Autos raus! Die Umgestaltung von drei ehemaligen Werkstattgebäuden um einen zum Parkplatz degradierten Berliner Hinterhof zeigt, wie sich die Aufenthaltsqualität mit einfachen Mitteln steigern lässt. Das Ensemble bietet Platz zum Arbeiten und Leben.
Im Berliner Stadtbezirk Neukölln ist die Bevölkerungsdichte hoch, knapp 7 300 Menschen wohnen hier pro Quadratkilometer. Aber auch die bauliche Dichte ist enorm. Die Blockrandbebauung besitzt im Innern häufig eine zweite oder gar dritte Reihe, nicht selten mit vierseitig bebauten Höfen oder zumindest Werkstätten und Garagen. Eine solche Innenhof-Struktur haben Alacón Linde Architects (ALAS) zu einem zeitgemäßen Ensemble für Wohnen und Arbeiten umgebaut. Die drei U-förmig angeordneten Volumina aus dem Jahr 1931, die zwischenzeitlich mehrere Umbauten und Umnutzungen erfahren haben, sind nun zu einem Dreiseitenhof mit autofreiem Patio samt Nussbaum als Gravitationspunkt umfunktioniert. Um den Bestandsschutz zu wahren und aus den einfachen Gebäuden bewohnbare Räume zu kreieren, verfolgten die Architekten die Taktik des kleinstmöglichen Eingriffs.

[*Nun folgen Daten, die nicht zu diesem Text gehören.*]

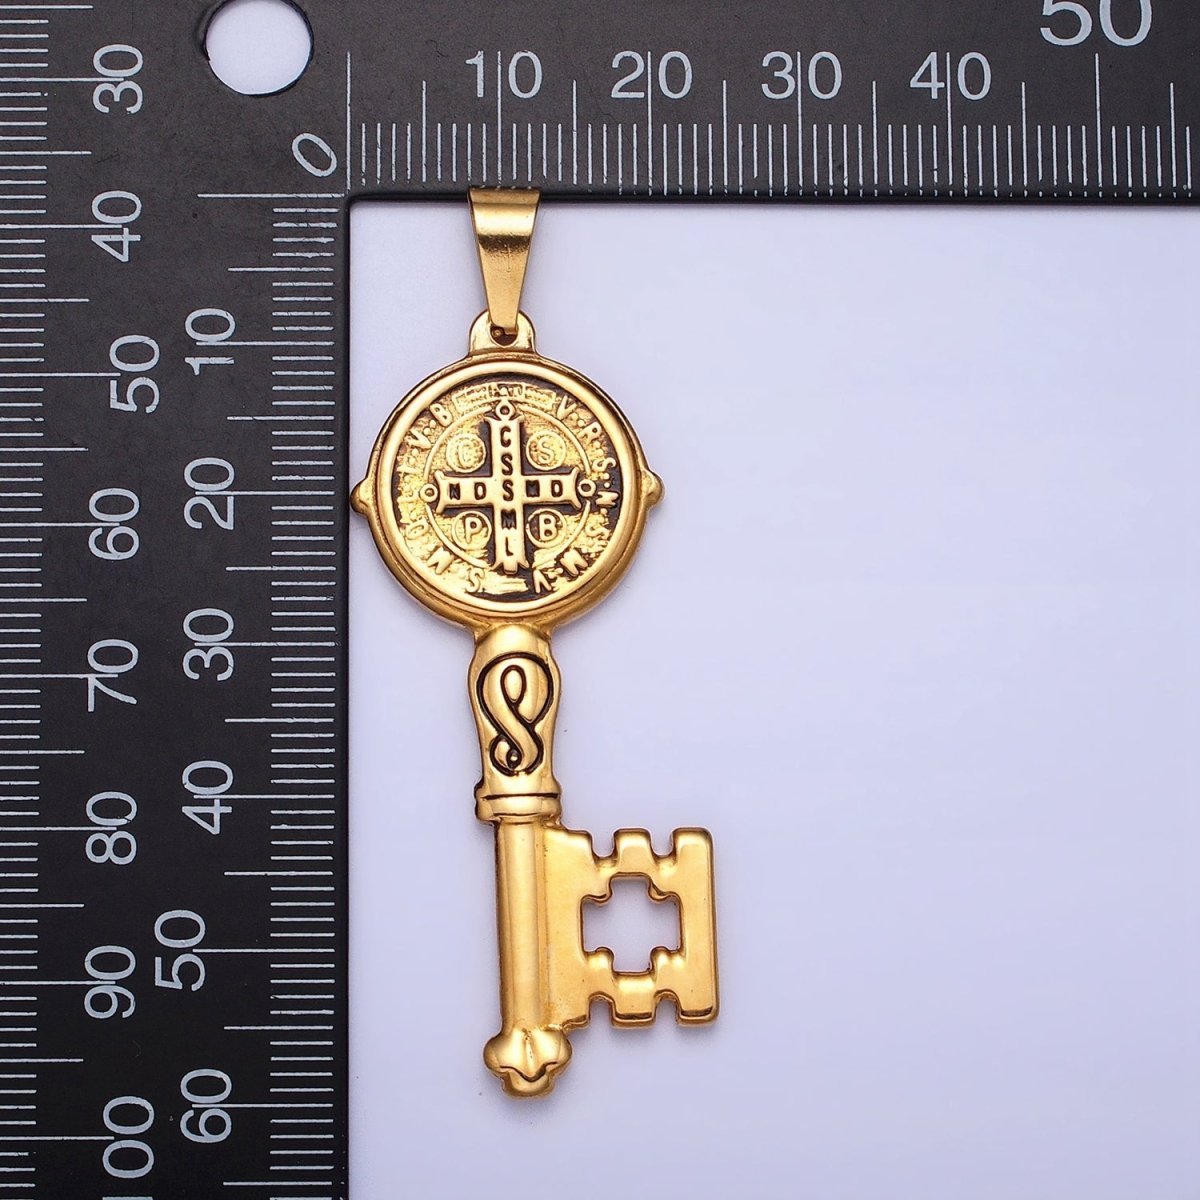 Stainless Steel SMQLIVB PAX VRSNSMV Saint Benedict Double Sided Engraved Key Pendant in Gold & Silver | P-1089 P-1090 - DLUXCA

Dazu musste zunächst die teils schwache Bestandssubstanz partiell verstärkt werden, es galt also Wände auszusteifen, Fundamente zu ertüchtigen und Dächer zu erneuern. Um mehr natürliches Licht in die Innenräume scheinen zu lassen, wurden die Öffnungen vergrößert und großzügige Fensterbänke eingebaut, die als Sitzgelegenheit dienen können. Alle Fenster haben nun eine Dreifachverglasung. Sockel und Bodenplatte erhielten eine Perimeterdämmung, die Dächer Einblasdämmung oder Mineralwolle als Aufdachkonstruktion, die Außenwände eine 20 cm dicke Dämmschicht aus Holzfaserplatten. Als Bekleidung dient eine Kiefernholzschalung aus heimischen Wäldern, deren Oberfläche nach der japanischen Technik Shou Sugi Ban karbonisiert wurde, was sie beständig gegen die Witterung und Insekten macht. Im Innenraum sind historische Verweise erhalten, etwa einige Backsteinwände, die lediglich sandgestrahlt und versiegelt wurden, oder die Untersicht des Sheddachs, dessen Balken und Bretter lediglich weiß gestrichen wurden. Neue Einbauten, wie die Treppe zum OG aus unbehandeltem Stahl, zeigen sich in reduziertem Werkstatt-Charakter, ebenso der Boden, ein Industrieparkett aus Eiche. Die Bäder sind mit schwarzen Schieferfliesen versehen. »Wichtig war uns«, so Architekt Carlos Alarcón, »dass möglichst natürliche und recycelbare Materialien eingebaut werden.«
Geheizt wird das Ensemble über die städtische Fernwärmeleitung, die Übergabe an den Raum erfolgt über Radiatoren unter den Fensterbänken. Der Strom kommt aus dem öffentlichen Netz. Entstanden ist ein reizvolles und elegantes architektonisches Spiel aus Alt und Neu in Schwarz, Weiß und Holz.